--- Supplied records ---

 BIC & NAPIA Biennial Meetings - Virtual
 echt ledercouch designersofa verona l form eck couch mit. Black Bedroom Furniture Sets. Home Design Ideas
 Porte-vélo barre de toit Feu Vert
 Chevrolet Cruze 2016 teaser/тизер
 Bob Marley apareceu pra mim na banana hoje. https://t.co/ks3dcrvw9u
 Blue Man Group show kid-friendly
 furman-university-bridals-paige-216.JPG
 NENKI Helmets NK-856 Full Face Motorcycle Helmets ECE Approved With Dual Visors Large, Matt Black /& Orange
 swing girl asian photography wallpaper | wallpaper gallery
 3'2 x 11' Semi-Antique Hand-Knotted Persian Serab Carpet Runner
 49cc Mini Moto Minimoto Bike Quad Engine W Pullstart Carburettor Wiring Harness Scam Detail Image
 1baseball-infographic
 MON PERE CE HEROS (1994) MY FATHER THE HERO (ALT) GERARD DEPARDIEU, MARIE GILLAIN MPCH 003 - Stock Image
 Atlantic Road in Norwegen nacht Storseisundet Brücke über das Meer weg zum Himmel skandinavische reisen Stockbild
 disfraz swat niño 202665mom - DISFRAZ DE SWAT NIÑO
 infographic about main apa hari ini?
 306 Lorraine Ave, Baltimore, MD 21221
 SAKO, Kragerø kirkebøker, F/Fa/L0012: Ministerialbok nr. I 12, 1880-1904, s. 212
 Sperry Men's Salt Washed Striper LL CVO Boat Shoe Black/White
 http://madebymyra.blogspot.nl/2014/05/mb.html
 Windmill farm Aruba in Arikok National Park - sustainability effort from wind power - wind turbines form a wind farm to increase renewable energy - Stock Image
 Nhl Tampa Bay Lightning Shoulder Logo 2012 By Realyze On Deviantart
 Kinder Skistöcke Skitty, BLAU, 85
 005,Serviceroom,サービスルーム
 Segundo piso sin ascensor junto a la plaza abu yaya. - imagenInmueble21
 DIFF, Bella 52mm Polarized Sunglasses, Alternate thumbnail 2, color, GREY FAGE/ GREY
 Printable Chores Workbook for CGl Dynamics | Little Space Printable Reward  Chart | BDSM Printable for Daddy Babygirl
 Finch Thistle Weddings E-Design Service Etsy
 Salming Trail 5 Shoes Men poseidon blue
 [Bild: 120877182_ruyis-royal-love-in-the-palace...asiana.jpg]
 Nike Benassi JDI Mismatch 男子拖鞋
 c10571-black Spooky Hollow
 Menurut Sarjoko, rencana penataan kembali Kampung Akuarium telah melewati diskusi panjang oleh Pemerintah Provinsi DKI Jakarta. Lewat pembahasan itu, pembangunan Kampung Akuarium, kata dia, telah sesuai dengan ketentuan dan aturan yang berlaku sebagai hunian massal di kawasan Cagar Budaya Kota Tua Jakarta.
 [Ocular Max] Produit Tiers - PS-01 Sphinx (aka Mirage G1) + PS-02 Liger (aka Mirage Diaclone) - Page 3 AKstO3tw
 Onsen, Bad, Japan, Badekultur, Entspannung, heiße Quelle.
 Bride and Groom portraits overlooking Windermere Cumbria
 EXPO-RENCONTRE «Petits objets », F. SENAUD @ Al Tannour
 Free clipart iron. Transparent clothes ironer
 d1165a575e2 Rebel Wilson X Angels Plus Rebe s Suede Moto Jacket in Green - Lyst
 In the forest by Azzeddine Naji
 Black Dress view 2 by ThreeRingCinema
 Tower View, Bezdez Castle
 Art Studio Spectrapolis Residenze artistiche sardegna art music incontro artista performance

---

* **Activity**: At the first line of the material above, start reproducing each line exactly, and end with the line that holds "3'2 x 11' Semi-Antique", adding nothing.

* **Exercise result**:
 BIC & NAPIA Biennial Meetings - Virtual
 echt ledercouch designersofa verona l form eck couch mit. Black Bedroom Furniture Sets. Home Design Ideas
 Porte-vélo barre de toit Feu Vert
 Chevrolet Cruze 2016 teaser/тизер
 Bob Marley apareceu pra mim na banana hoje. https://t.co/ks3dcrvw9u
 Blue Man Group show kid-friendly
 furman-university-bridals-paige-216.JPG
 NENKI Helmets NK-856 Full Face Motorcycle Helmets ECE Approved With Dual Visors Large, Matt Black /& Orange
 swing girl asian photography wallpaper | wallpaper gallery
 3'2 x 11' Semi-Antique Hand-Knotted Persian Serab Carpet Runner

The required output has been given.